Before alignment, the size of the vector3 structure is 12 bytes:
The number 12 will be displayed on the console.
After alignment, the size of vector3 will be 16 bytes:
The number 16 will be displayed on the console.
A much greater performance gain can be obtained by combining a large number of requests into global memory into one (sometimes requests are called transactions). This is called coalescing global memory accesses in the nVidia documentation . But, before proceeding to a direct discussion of what is needed to combine requests into memory, you need to know a couple of additional things about the GPU.

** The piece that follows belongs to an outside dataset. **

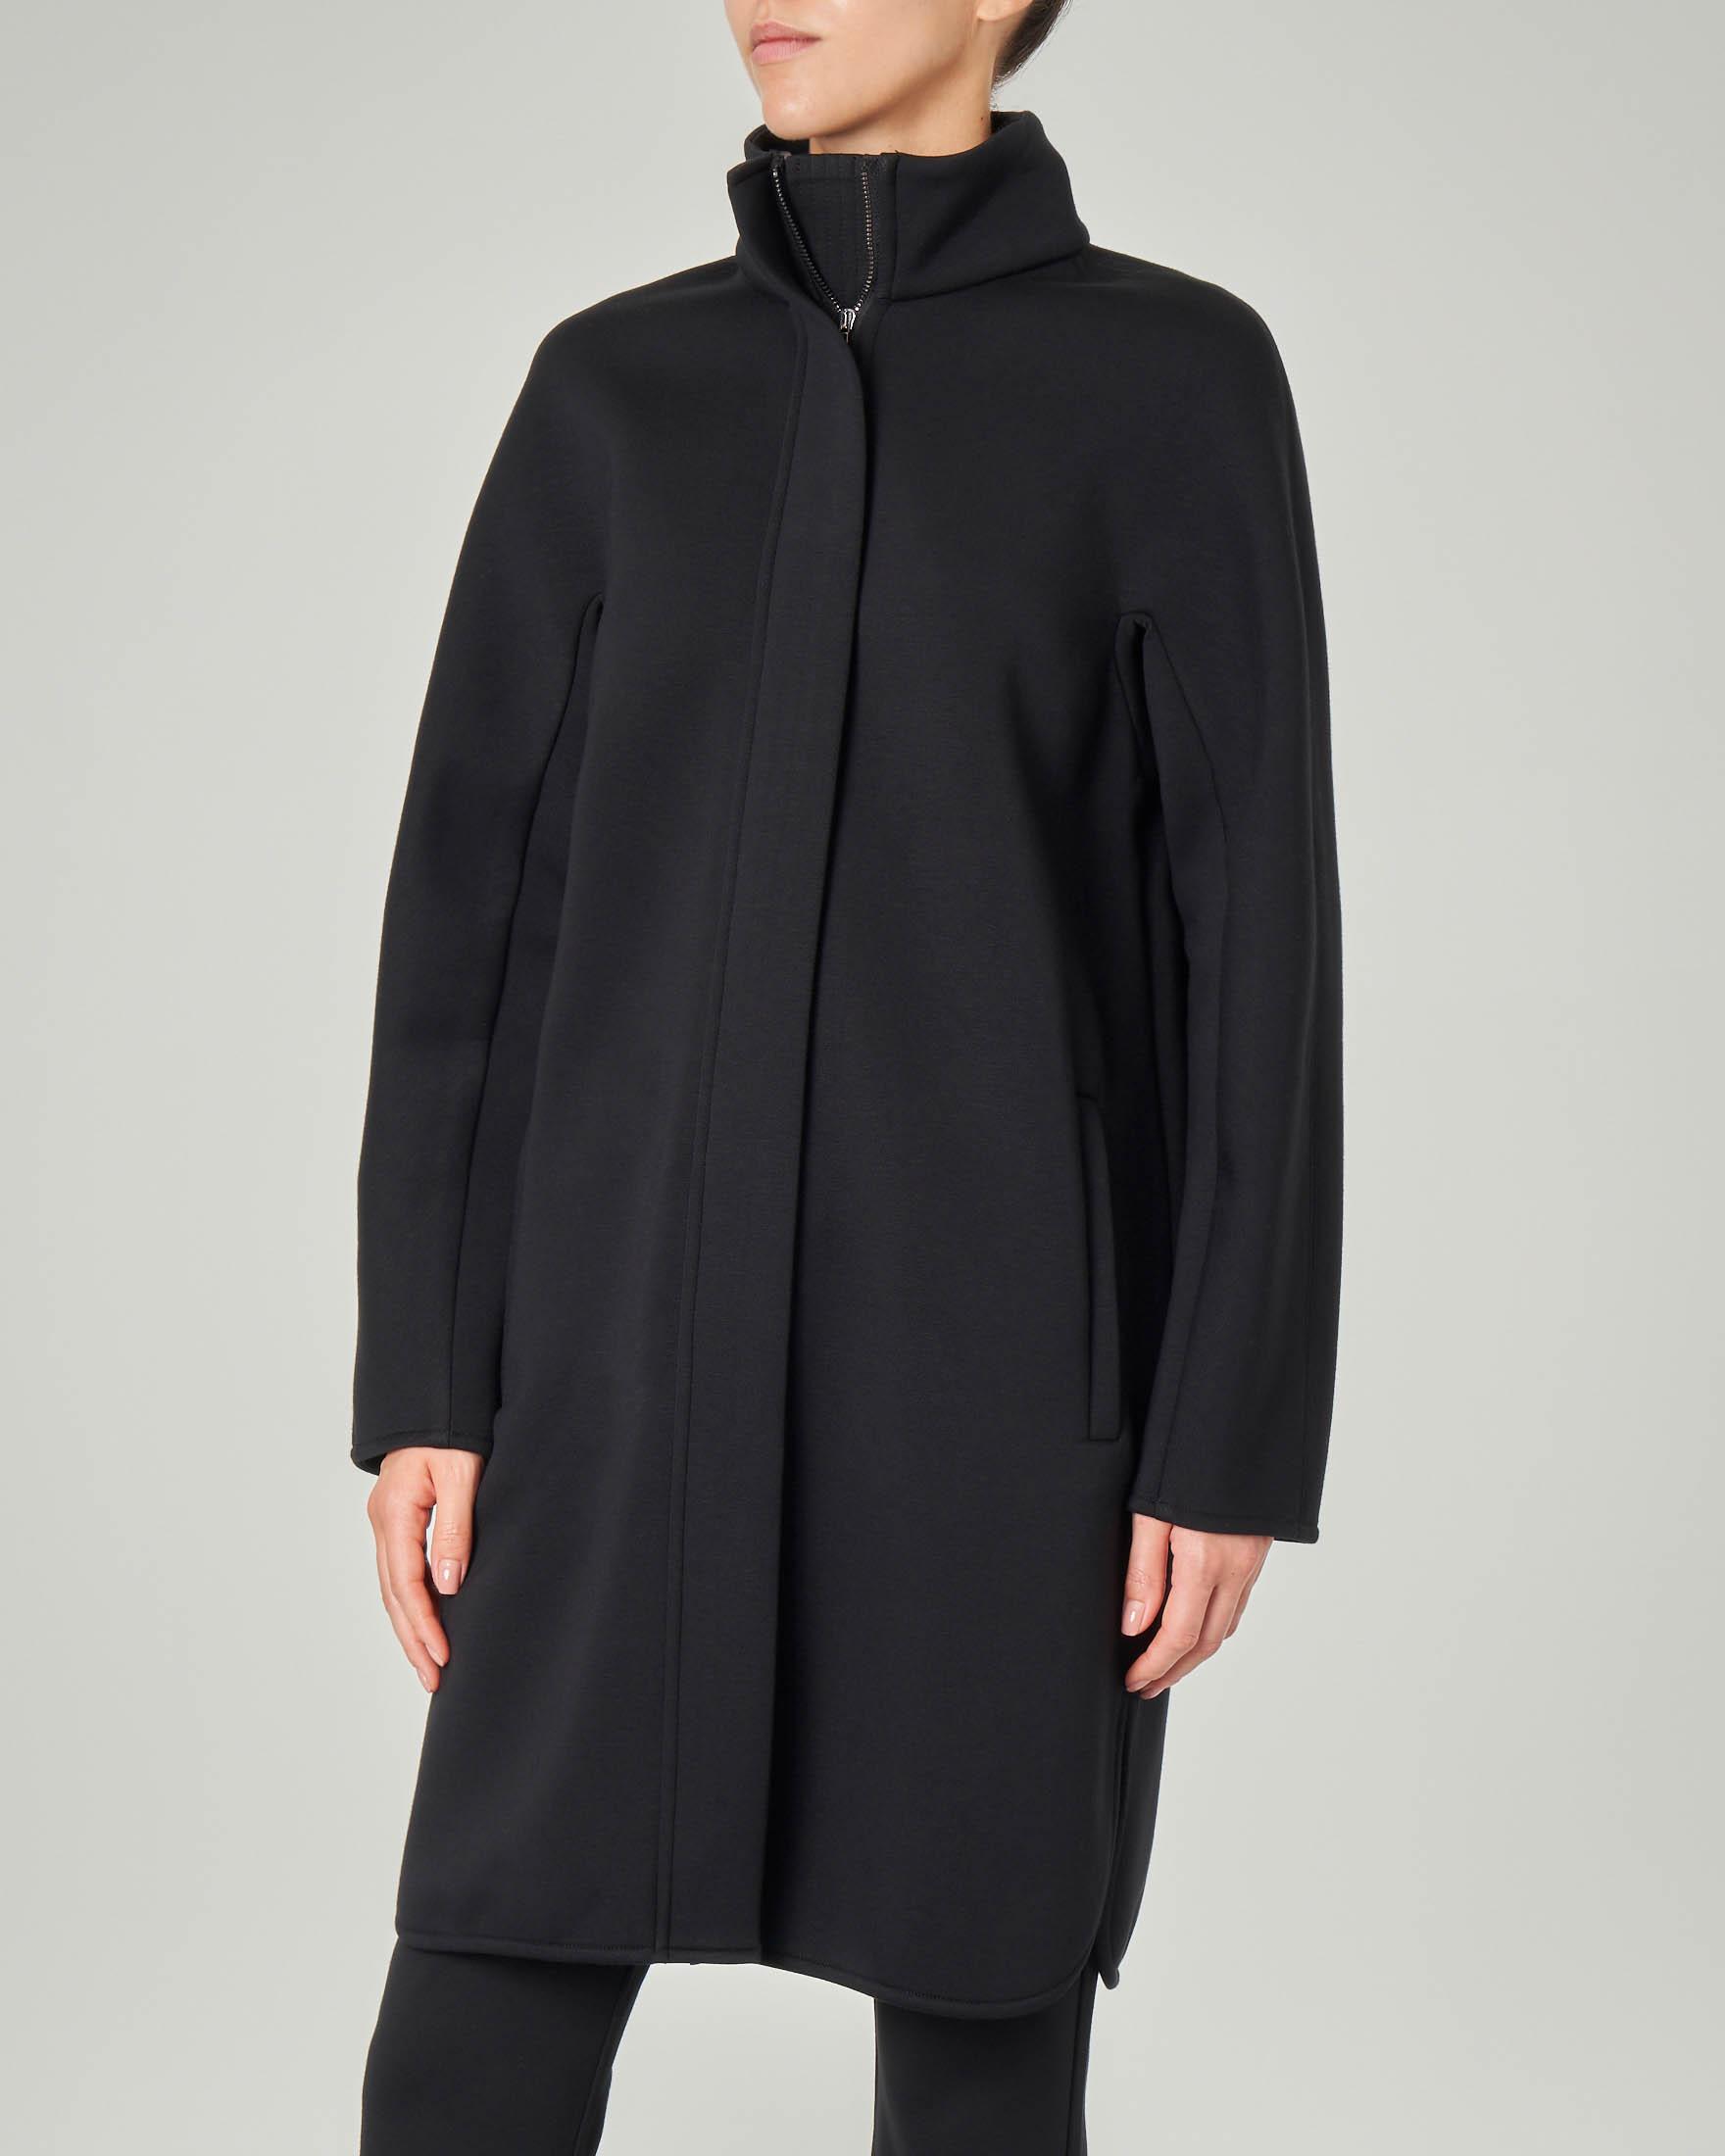 Capottino nero sette ottavi in jersey di viscosa effetto neoprene con collo alto

The GPU uses the so-called warp to control the execution of threads. From a software point of view, warp represents a thread pool. It is within this warp that the parallel operation of the threads that were requested when the kernel was called occurs, it is in the warp that the threads can interact with each other. The size of the warp for all GPUs is 32, that is, only 32 threads are executed in parallel in the warp. At the same time, several warp can be launched on the GPU, this amount is determined by the size of the available register and shared memory. Another interesting feature is that half-warp is used to access memory, that is, at the beginning, the first 16 threads are accessed, and then the second half of 16 threads. Why access happens this way, I can’t say for sure, I can only assume that this is due to the primary tasks of the GPU - graphics processing.
Now consider the requirements needed to combine queries into global memory. Do not forget that memory access occurs through half-warp.
The conditions necessary for combining when accessing memory depend on the version of Compute Capability, I give them for versions 1.0 and 1.1, more details can be found in the documentation from nVidia.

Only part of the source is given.